Many individual and team sport events require extended periods of exercise above the speed or power associated with maximal oxygen uptake (i.e., maximal aerobic speed/power, MAS/MAP). In absence of valid and reliable measures of anaerobic metabolism, the anaerobic speed/power reserve (ASR/APR) concept, defined as the difference between an athlete’s MAS/MAP and their maximal sprinting speed (MSS)/peak power (MPP), advances our understanding of athlete tolerance to high speed/power efforts in this range. When exercising at speeds above MAS/MAP, what likely matters most, irrespective of athlete profile or locomotor mode, is the proportion of the ASR/APR used, rather than the more commonly used reference to percent MAS/MAP. The locomotor construct of ASR/APR offers numerous underexplored opportunities. In particular, how differences in underlying athlete profiles (e.g. fiber typology) impact the training response for different ‘speed’, ‘endurance’ or ‘hybrid’ profiles is now emerging. Such an individualized approach to athlete training may be necessary to avoid ‘maladaptive’ or ‘non-responses’. As a starting point for coaches and practitioners, we recommend upfront locomotor profiling to guide training content at both the macro (understanding athlete profile variability and training model selection, e.g annual periodization) and micro levels (weekly daily planning of individual workouts, e.g short vs long intervals vs repeated sprint training and recovery time between workouts). More specifically, we argue that high-intensity interval training formats should be tailored to the locomotor profile accordingly. New focus and appreciation for the ASR/APR is required to individualise training appropriately so as to maximise athlete preparation for elite competition.

Key Points

  1. From just two landmarks (maximal aerobic speed or power and maximal sprinting speed or peak power) the anaerobic speed and power reserve (ASR/APR) can be used to estimate athlete tolerance to high-intensity exercise. What likely matters the most, irrespective of athlete profile or locomotor mode when exercising at intensities beyond MAS/MAP, is how much of the ASR/APR is used, rather than the relative intensity in relation to MAS.
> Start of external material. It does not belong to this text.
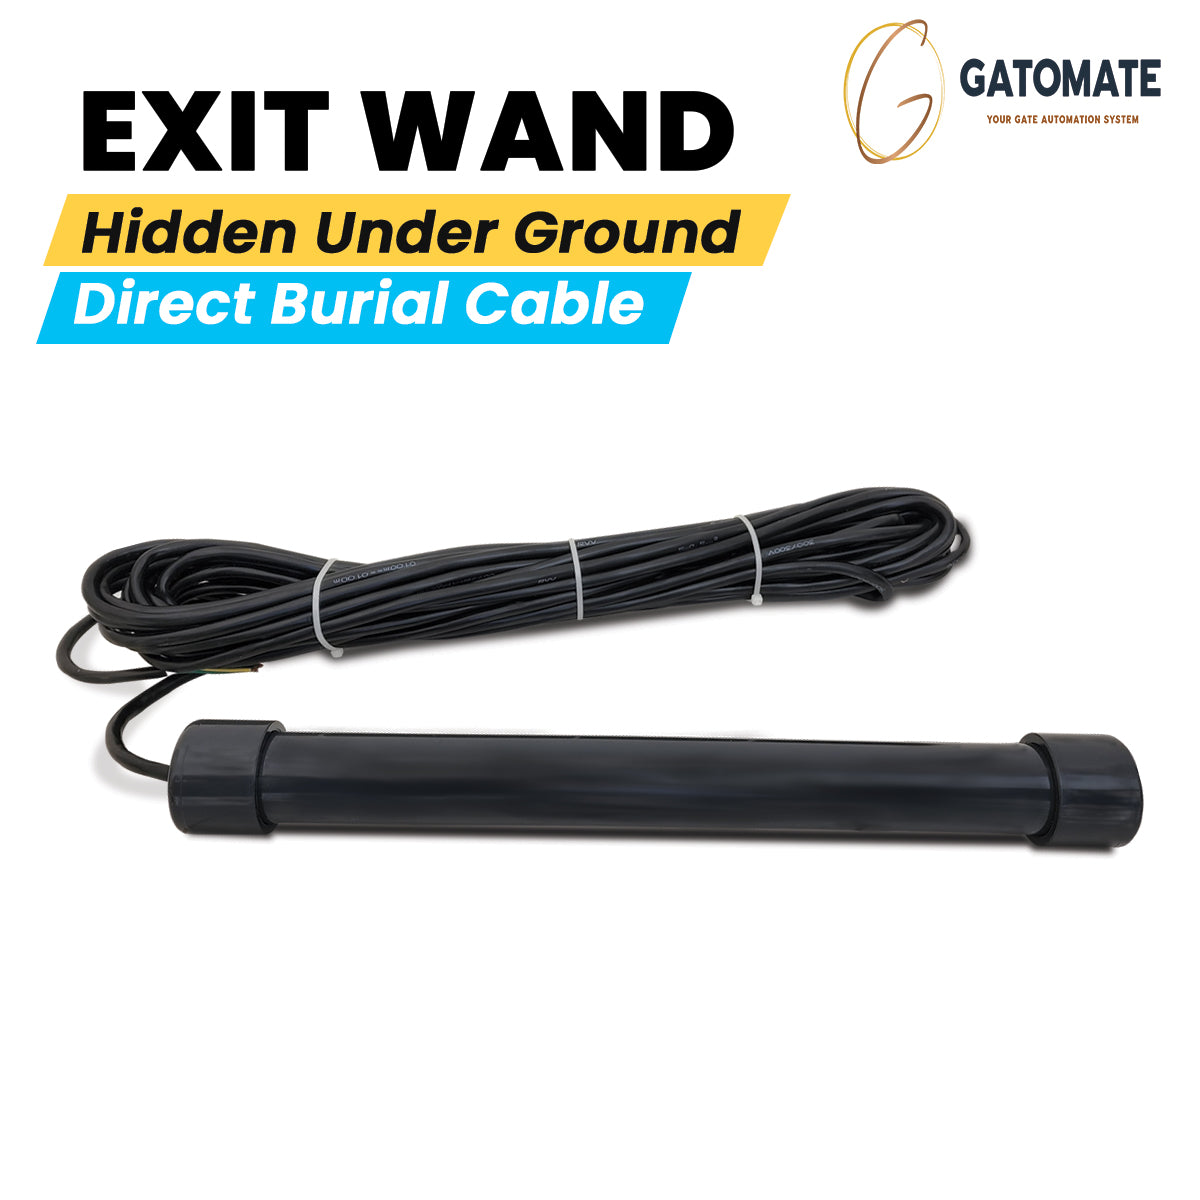 The Exit Wand, For Gate Opener, gatomate

  2. Underpinning differences in athlete biological profile (e.g muscle fiber typology) can be quasi-estimated from the ASR/APR. The locomotor profile differences can be used to guide both macro (annual training plan) and micro (weekly training workout design) decision making to reduce non-responder occurrence through upfront tailoring of training content relative to the athlete’s physiology.
  3. Training prescription as a proportion of ASR/APR is an important future research direction needed to determine whether individualising, by accounting for ASR/APR differences, leads to more uniform physiological stress and subsequent adaptation across diverse athlete profiles on a longitudinal basis.